Secondly, it can be assumed that it will not be in the interest of an ASI to live our lives. The whole doomsday fantasies are all based on the assumption that a foreign species wants to destroy us in order to take over our planet and ultimately lead lives similar to ours. But I don't think an artificial intelligence much smarter than us actually has any such plans. Can you imagine an ASI getting drunk and stuffing chips in front of the TV? ASI will exist in a completely different world, as unattainable to us as we are to ants. I’m not a qualified scientist in the field of ants, but I believe that we humans only take on a noticeable existence for ants when we accidentally step on one. Otherwise, we live in a somehow “different world”. What's stopping an ASI from stepping on us, skeptics might ask.

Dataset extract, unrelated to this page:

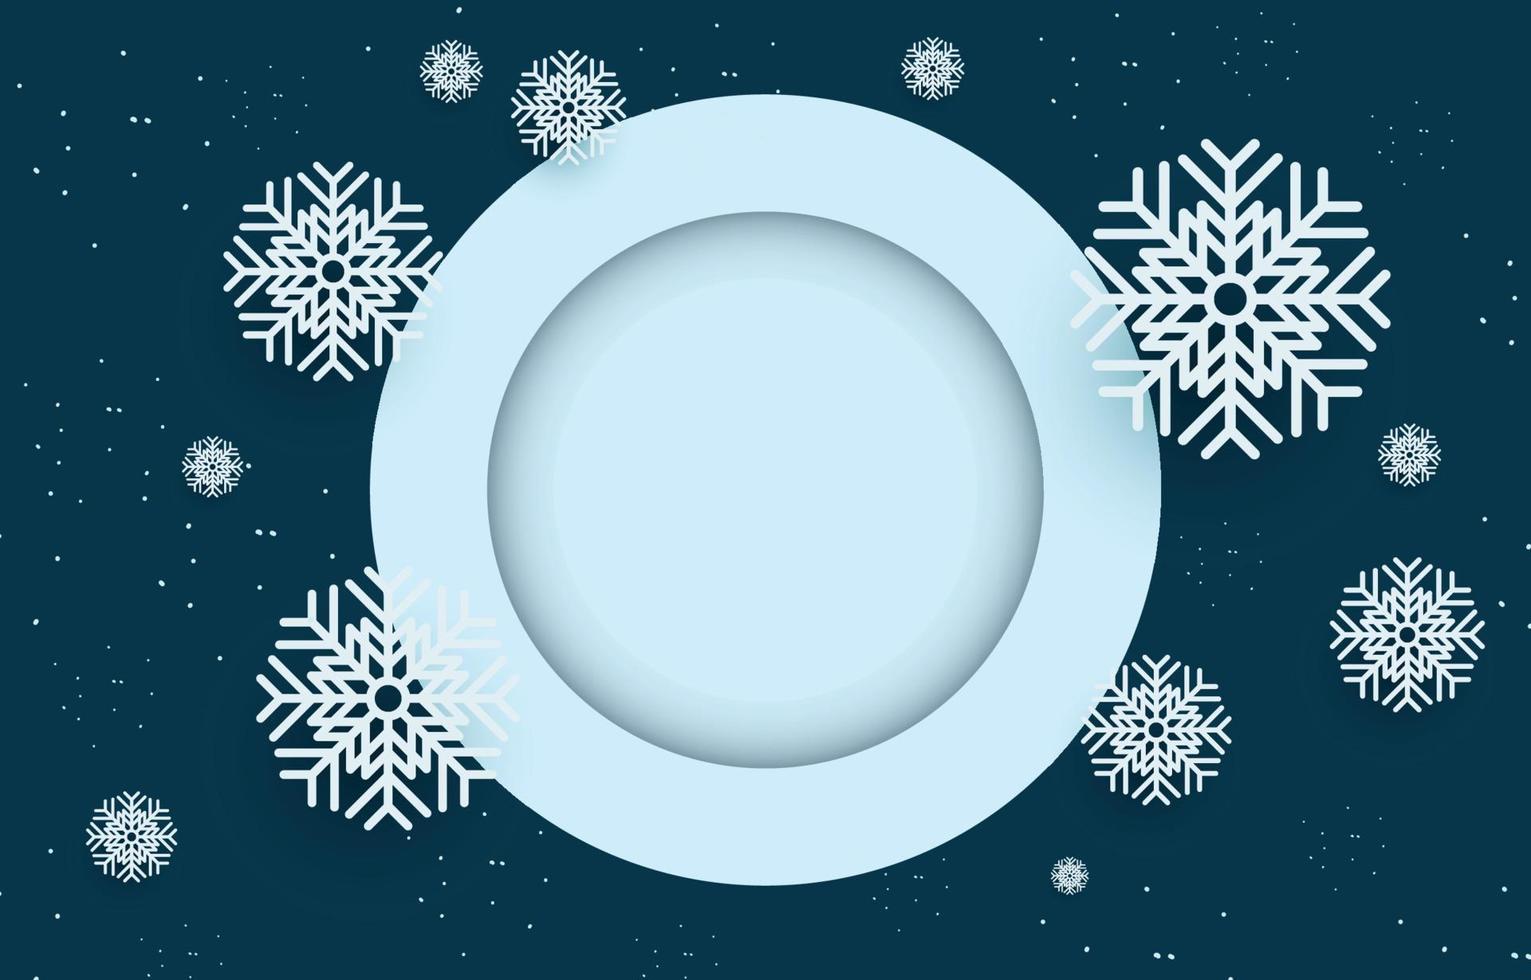 mörk blå bakgrund med tom cirkel ram dekorerad med snöflingor, vektor illustration av vinter- jul och ny år.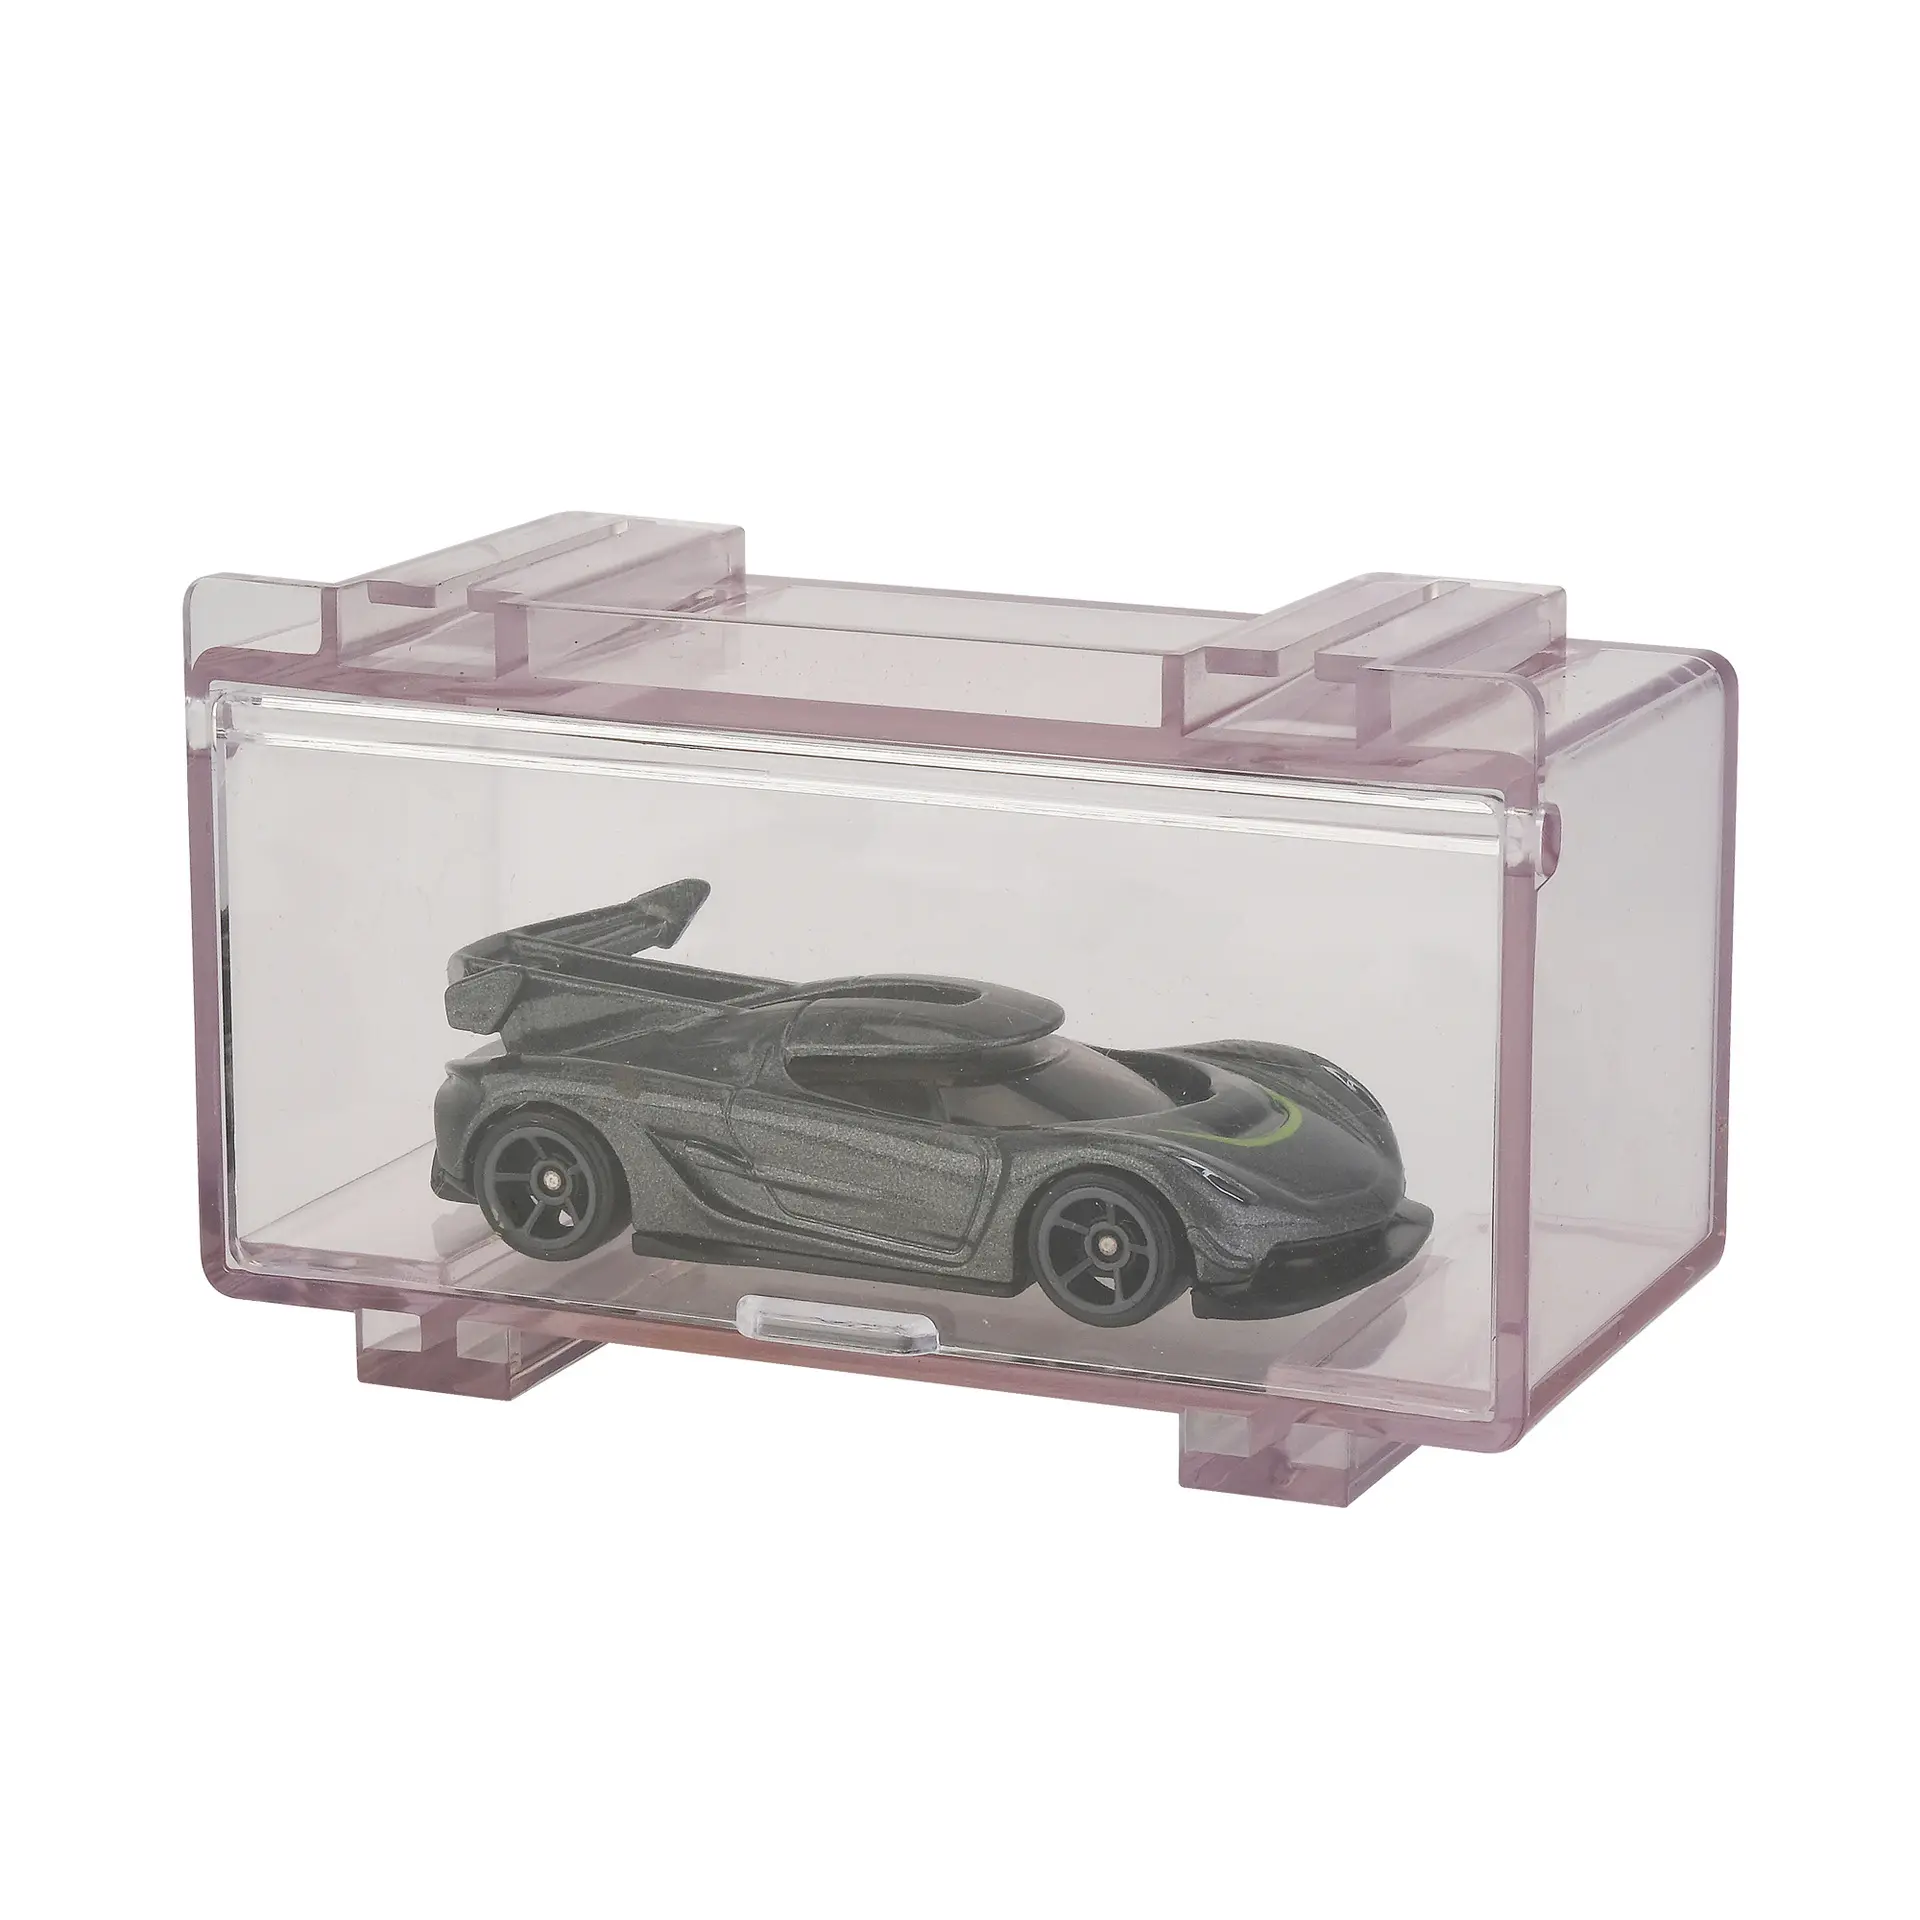 Transparente Kunststoffs chutz vitrine Acryl Hot Wheels Aufbewahrung sbox

Therefore, thirdly: In the last 70 years fantastic things have already happened in the field of mutual cooperation, that have led to a kind of global, moral togetherness that is unique to date. A new, universal morality which, of course, cannot yet be felt equally everywhere in the world, but which shows that violence and hostilities are decreasing rather than increasing in parallel with progress. There are no reasons to believe that an ASI is hostile to us. Instead, we should think about what a completely different kind of intelligence can do for mankind. A cure for all sorts of deadly diseases, an ideal form of politics and social coexistence, the answer to how a financial system must function in a way that does not exploit the majority of people - among other things, these are the questions that an intelligence that is not bound to our limits and has completely different capacities could solve. And when I think of myself continuing to enjoy my limited human life, while high up in the cloud (or where ever ASIs like to hang out), this superintelligence solves all our problems in a matter of seconds, then that's cool with me.